Необходимость реакции на факт объяснения чувств проникает даже в эпистолярный жанр. Лиза Хохлакова, относящаяся к иному типу героинь, испытывает влияние мотива театрального «овнешнения» эмоции, в ее письме присутствует деталь, об этом свидетельствующая. Экспозиция ее обращения к Алеше отмечена традицией жанра («...я не могу больше жить, если не скажу вам того, что родилось в моем сердце, а этого никто, кроме нас двоих, не должен до времени знать»), указывающей на существование тайны двоих, но развитие данного тезиса не может происходить в отрыве от текстовой памяти публичного объяснения-исповеди: появляется еще один участник псевдодиалога, по-своему реагирующий на признание: «Бумага, говорят, не краснеет, уверяю вас, что это неправда и что краснеет она так же точно, как и я теперь вся».
Взаимопроникновение сюжетов разрушает привычную логику темы ревности в романах Достоевского, традиционно иллюстрируемую конфликтом порока и невинности: Аглая – Настасья Филипповна («Идиот»), Катерина Ивановна – Грушенька («Братья Карамазовы»), Катя – Наташа («Униженные и оскорбленные»). Любовь из понятия себя-созерцания переходит в категорию тебя-восприятия, дух, замкнутый до этого в себе, овеществляется, становясь публичным объектом. Сентиментальная стеснительность, романтическая таинственность упраздняются, таинство выставляется на всеобщее обозрение, и в цепи культурных приращений торжественная декларация чувств начинает восприниматься такой же естественной, как неозвученные слова любовных писем, попадая на территорию интимного откровения, и герой-мужчина начинает вести себя иначе, наученный опытом публичных декламации, он перестает описывать прелести возлюбленной, а истово отстаивает собственные представления по многообразным философским предметам. Романтизм уже внес свою деструктивную лепту в разрушение целей объяснения в любви. Возможность матримониальных отношений как-то перестает учитываться участниками диалога. В туманной перспективе видится счастье, а в практической – тюрьма и ссылка.
В сюжете объяснения прослеживаются две тенденции. Во-первых, он задается как антитеза свободы европейских романтических нравов, это не всегда осуществляется, но в идеале процедура моральных обязательств и этических условий видится основной. Во-вторых, порыв чувства облекается в риторику завещания. Почти все сюжеты признания представляют исповедь парадаксолистов, добросовестный пересказ страданий, каталог-эпитафию несбывшихся желаний и утрат.
Сама фактура объясняющейся в любви личности побуждает искать оправдания ее несчастий. Появившийся в литературе в облачениях «русской хандры» персонаж к середине века достиг изумительного мастерства в создании ситуации – учитель – воспитуемая, оратор – слушательница, непризнанный гений – смиренная почитательница – и в умелом ее режиссировании, корректируя сценарий «люблю – прошу вашей руки» на «люблю – но ввиду бесконечных причин жениться не могу» (Рудин, Волохов, Алеша Верховенский, Нехлюдов, Алехин, Лаевский...). Сделав одиночество и разочарованность своим вторым «я», он заставляет не только героиню, но и читателя сопереживать возвышенным страстям, и исповедь-проповедь обязательно возымеет свое действие. Покорная в приятии неизбежного слушательница будет далека от негодования и ощущения обманутости. Объяснение подобной ситуации заключается в том, что сама героиня не извлечена из сферы отношений, породивших рефлексирующее сознание; она, как и читатель, уведомлена в жесточайшем воздействии эпохи на несчастного, во всяком случае она интуитивно постигает причины его непохожести на окружающих и истоки эгоцентризма. Прощая и смиряясь, героиня созидает тем самым одну из ипостасей мифа русской женщины.

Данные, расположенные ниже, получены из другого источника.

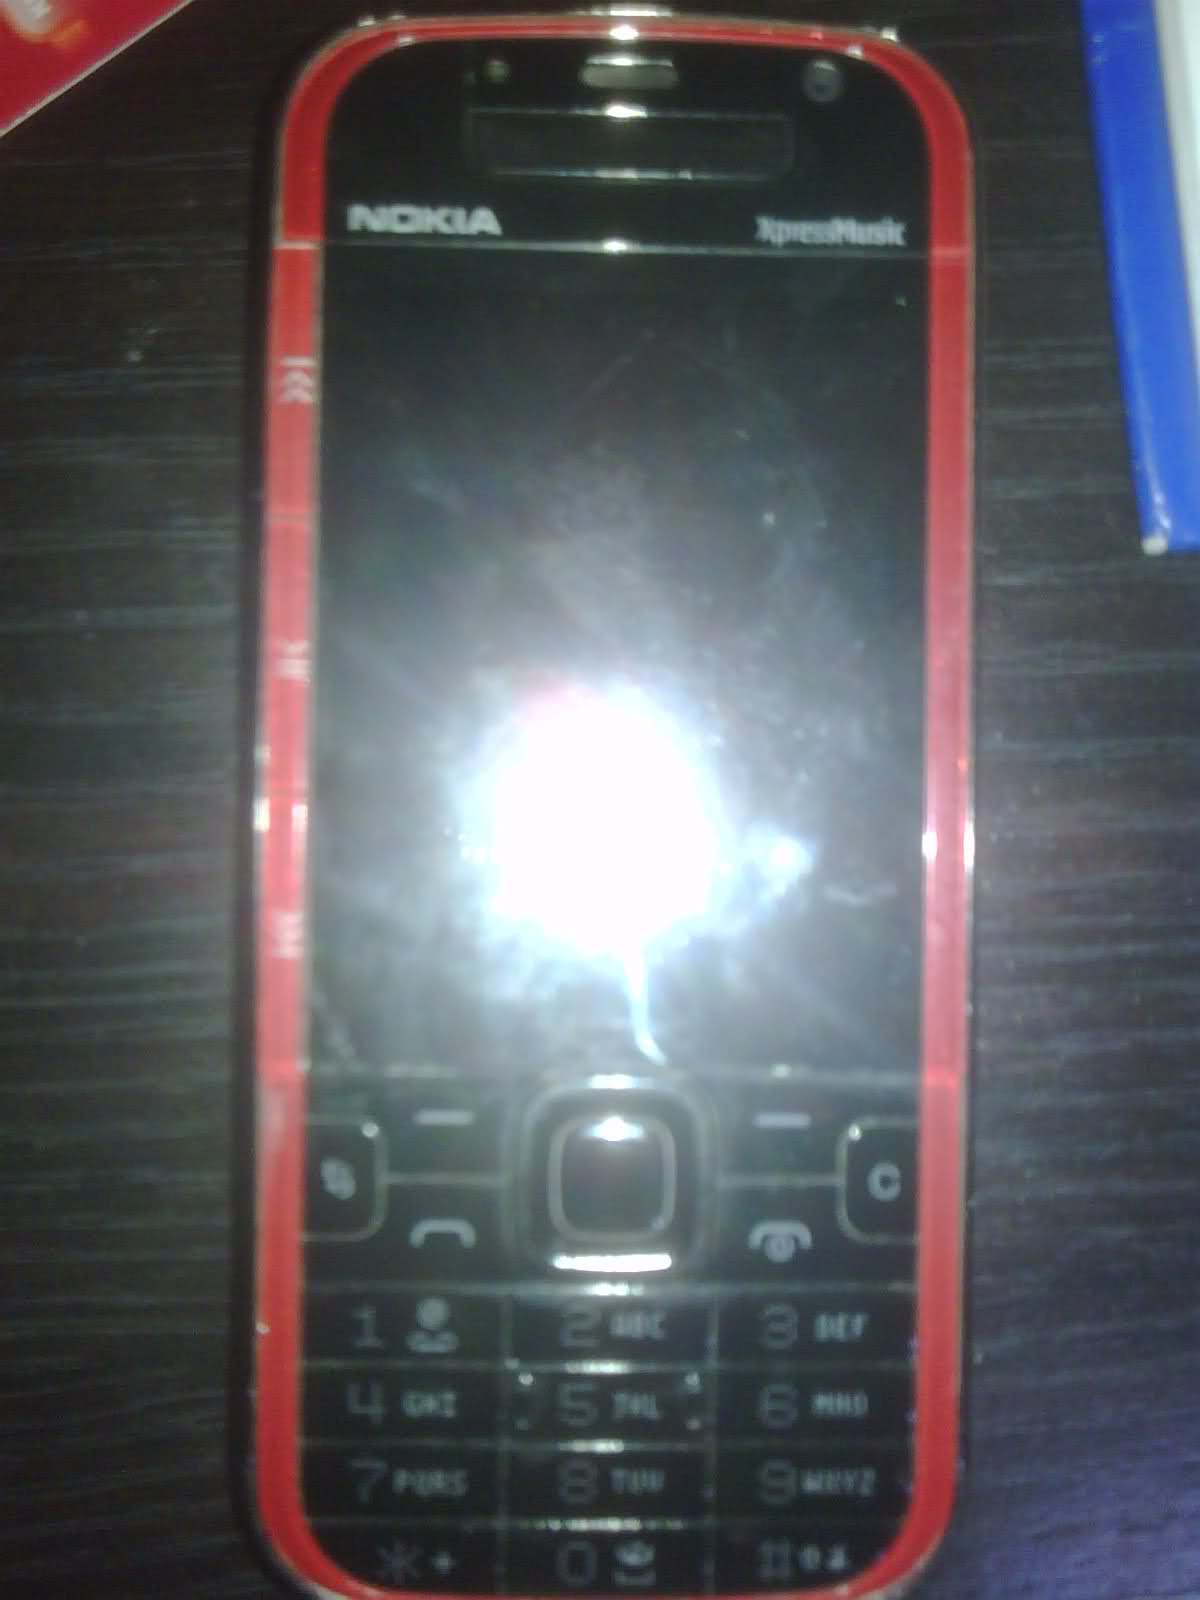  Satılık Nokia 5730 XpressMusic - KVK Garantili Güncel

Онегин и Лаврецкий вымаливают любовь, стоят на коленях, осознавая всю торжественность момента и ответственность события, даже не самого факта признания, а более глобального; они находятся в сфере формирования национальной мифологии. Какие бы ни были сюжетные результаты, они прежде всего удовлетворительно соответствуют фабульным формулам культуры. Онегин отвергнут, но создается образ самоотверженной Татьяны; Лаврецкому отказано в чувстве – формируется тип тургеневской девушки. Каждое событие вписано в партитуру культуры, в соразмерность невидимых из конкретного произведения, но осознаваемых текстовой памятью этического, эстетического и философского начал, «случайность» события детерминируется общелитературной моделью.
Это вовсе не означает, что подобным трансцендентальным знанием обладает только русская словесность. Каждой национальной культуре присущи свои понятийные комплексы, организующие конкретные тематические построения. Однако отечественная художественная мысль и ее этические приоритеты во многом воплощаются и сконцентрированы в мотиве любовного объяснения, локальной парафразе мифа русской женщины.
В различных по тематике произведениях отмечается тождественное психологическое и риторическое поведение объясняющихся в любви персонажей. Двойственное состояние внутреннего мира, пограничность ситуации между мыслью и поступком вызывает эхолалический эффект в сцене признания. Анна: «Я не знала, что вы едете. Зачем вы едете?». Вронский: «Зачем я еду? – повторил он, глядя ей прямо в глаза...». Близкий тип преодоления отчуждения между участниками сцены любовного свидания – словесная беспомощность, косноязычие, обращение к местоименно-глагольным фигурам: «Наталья Алексеевна! – заговорил он трепетным шепотом, – я хотел вас видеть... я не мог дождаться завтрашнего дня. Я должен вам сказать...». Построение фразы у Рудина, как и у большинства героев русской литературы, является импликацией внутренних противоречий – эгоцентрической мысли («я») и жажды активной самореализации («хотел» – «не мог» – «должен»). Данные текстовые решения основаны на постоянной репродукции варьирующихся в пределах заданной доминанты речевых случаев, характерных для героев Пушкина, Тургенева, Толстого, Чехова.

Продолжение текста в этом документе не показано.